Eugénio ao sol, "como só os gatos dormem"
O corpo do poeta está em câmara ardente na Cooperativa de Árvore. As paredes foram limpas só para o receber, numa sala branca com sol e vista para o Douro
INÊS NADAIS
Houve muita gente no velório de Eugénio de Andrade, mas isso seria de esperar. O que não seria de esperar era que houvesse gatos, e logo sete, às seis da tarde, espreguiçados pelos degraus das traseiras, na Cooperativa Árvore, a apanhar um sol de Primavera-Verão e "a dormir em novelo/ como só os gatos dormem". Foi também para lá (não havia espaço suficiente na Fundação, e Eugénio de Andrade gostava daquele lugar), numa sala branca com portadas abertas para o o sol do Parque das Virtudes e, mais lá em baixo, para o Douro, que o corpo de Eugénio de Andrade foi transportado ontem de manhã, para ficar em câmara ardente até à saída do cortejo fúnebre. Em cima da urna, fechada, o último poema que escreveu, em 2002, no Hospital de Santo António, As Maçãs. "Também ele vai morrer, o verão,/ do verde ao vermelho/ as maçãs ardem sobre a mesa./ Ardem de uma luz sua, mais madura./ E servem-me de espelho". Também ele morreu, o Eugénio. "Às 4h00 da manhã ligaram-me a dizer da morte dele. Inconscientemente, vesti-me de preto. Mas quando cheguei ao Porto achei que não devia fazer luto pelo Eugénio, até mandei limpar as paredes para ficarem brancas. Ele foi sempre a exaltação da vida e a exaltação do corpo; dizia que nós somos o que resta dos deuses. Foi essa a grande lição dele. Só no fim da vida comecei a sentir as primeiras rugas no Eugénio.
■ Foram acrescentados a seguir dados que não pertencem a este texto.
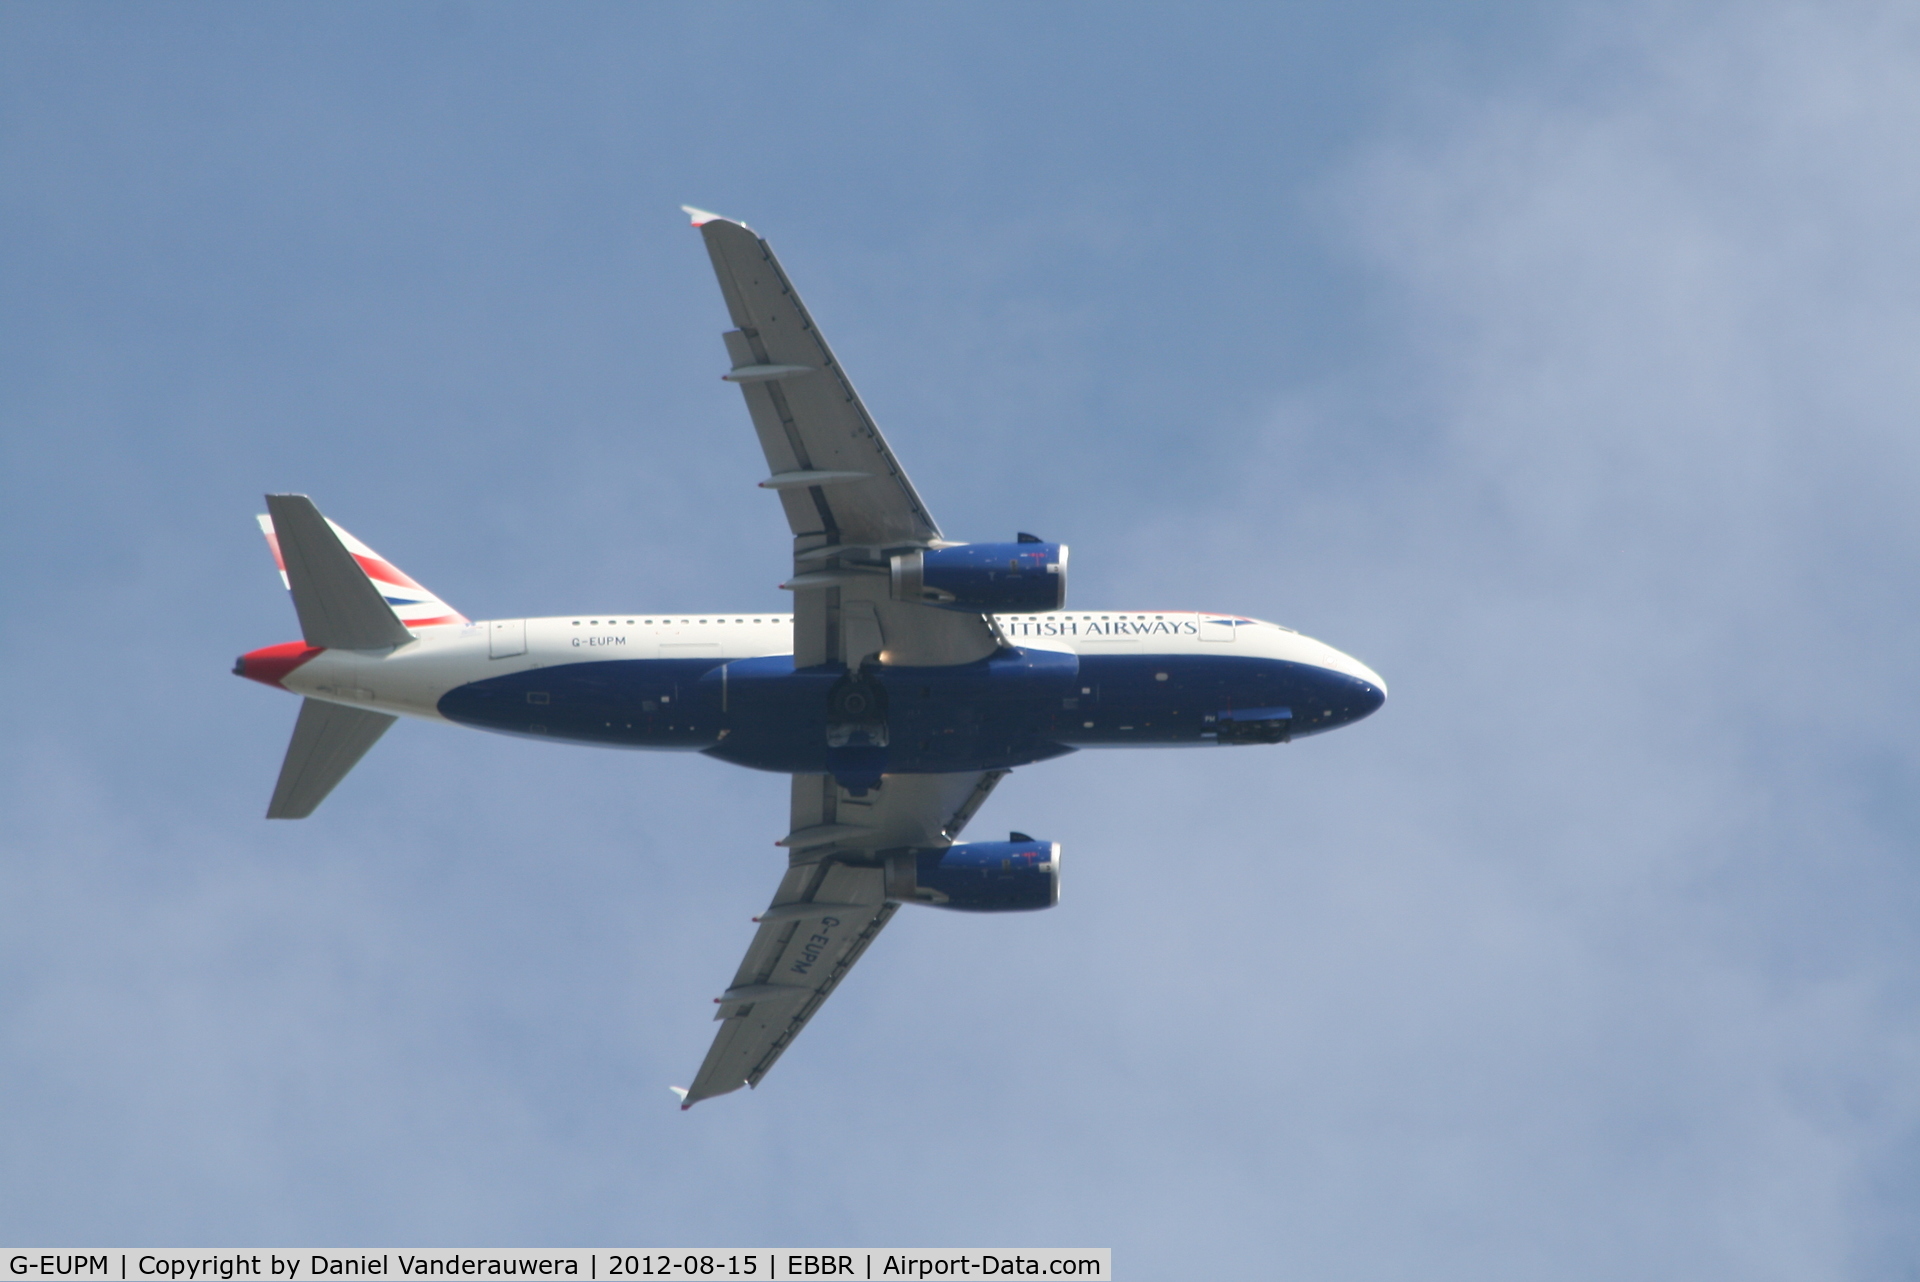 G-EUPM, 2000 Airbus A319-131 C/N 1258, Flight BA392 on approach to RWY 07L

Sofria muito com o corpo maltratado, mas em contrapartida, como vingança, as palavras eram cada vez mais novas", notava o escultor José Rodrigues, fundador da Árvore. Foi um dos primeiros a despedir-se de Eugénio, mas pela tarde vários amigos foram aparecendo: Júlio Resende, Manuel Dias da Fonseca, José Tolentino Mendonça, Fernando Echevarría, Fernando Pinto do Amaral, Inês Pedrosa, Agustina. Alguns falaram, outros ficaram em silêncio, como se não houvesse palavras à altura de Eugénio.
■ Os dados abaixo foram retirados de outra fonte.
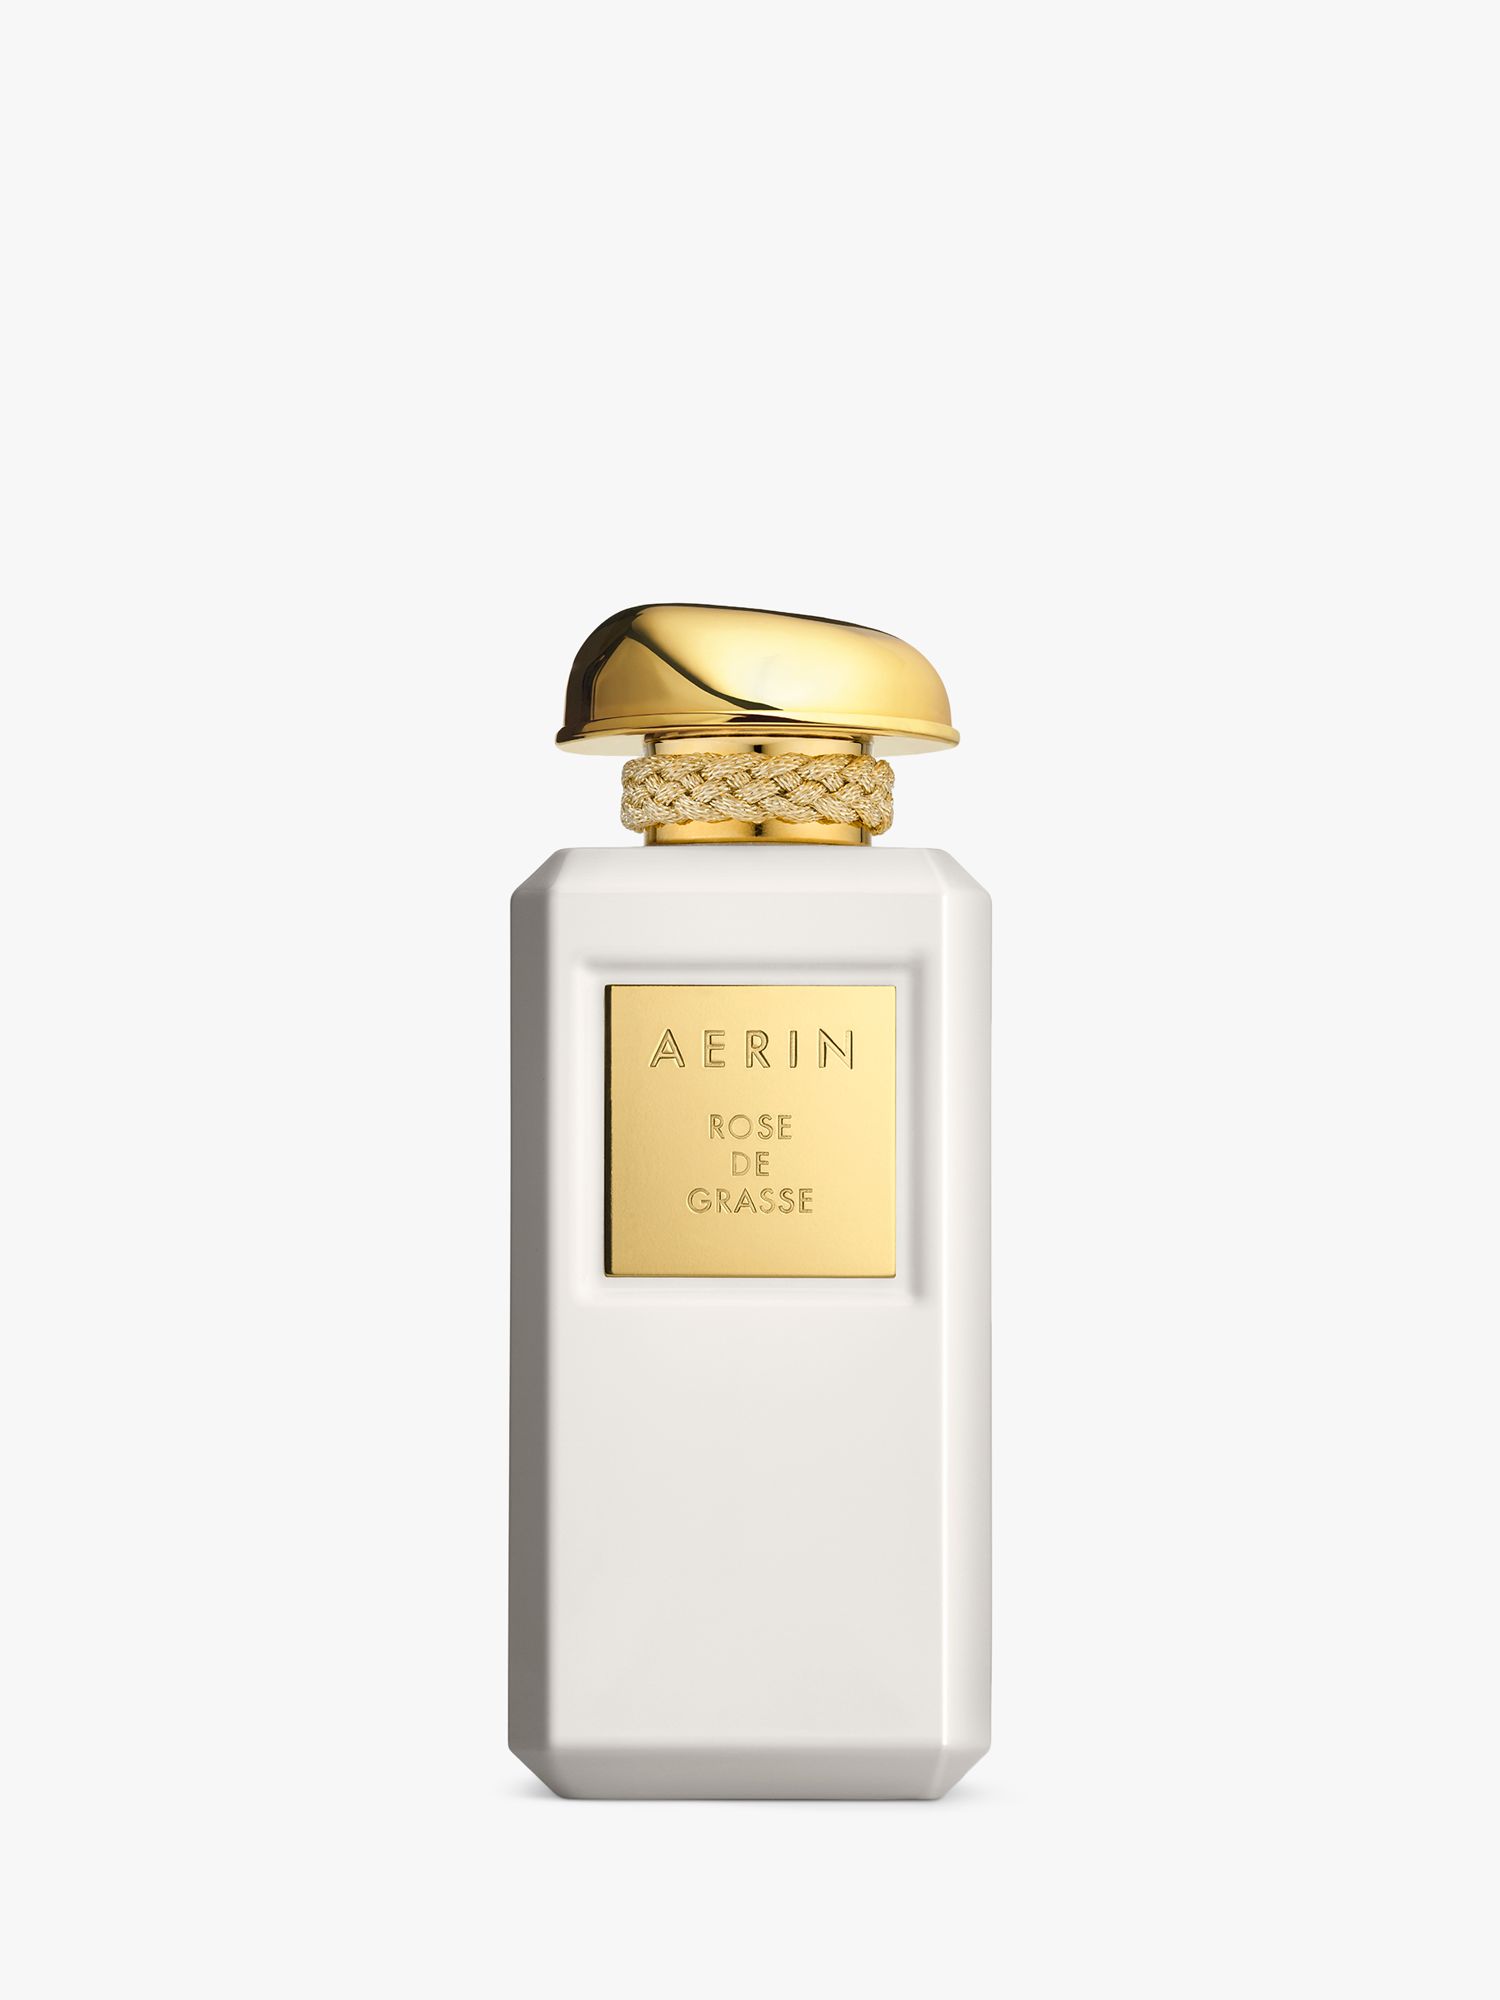 AERIN Rose de Grasse Parfum, 100ml 1

"É uma amargura muito grande, mas continuo a dizer que a figura do Eugénio está acima de todas estas pequenas coisas. Ele ficou no sangue das pessoas", frisou Júlio Resende. Leitora de Eugénio desde os doze anos, idade em que recebeu um exemplar de As Mãos e os Frutos - "um livro maravilhoso até hoje, a que regresso sempre" -, Inês Pedrosa lembrou o papel tutelar do poeta para toda uma geração de leitores e de escritores: "A Sophia, com os contos infantis, e o Eugénio, com a poesia, iniciaram-me na literatura. Quando li As Mãos e os Frutos, naquela idade em que toda a gente quer escrever versos, o Eugénio deu-me a noção da distância a que eu estava da poesia. Mas fiquei deslumbrada e foi uma companhia muito forte nas alegrias e nas tristezas da minha juventude. Parecia que tinha sempre as palavras exactas. Temos uma ideia muito solar do Eugénio, mas ele tinha um lado de profunda comunhão com a dor que está numa frase extraordinária: "Às vezes sinto-me tão desesperado que me sento a escrever como quem chora"".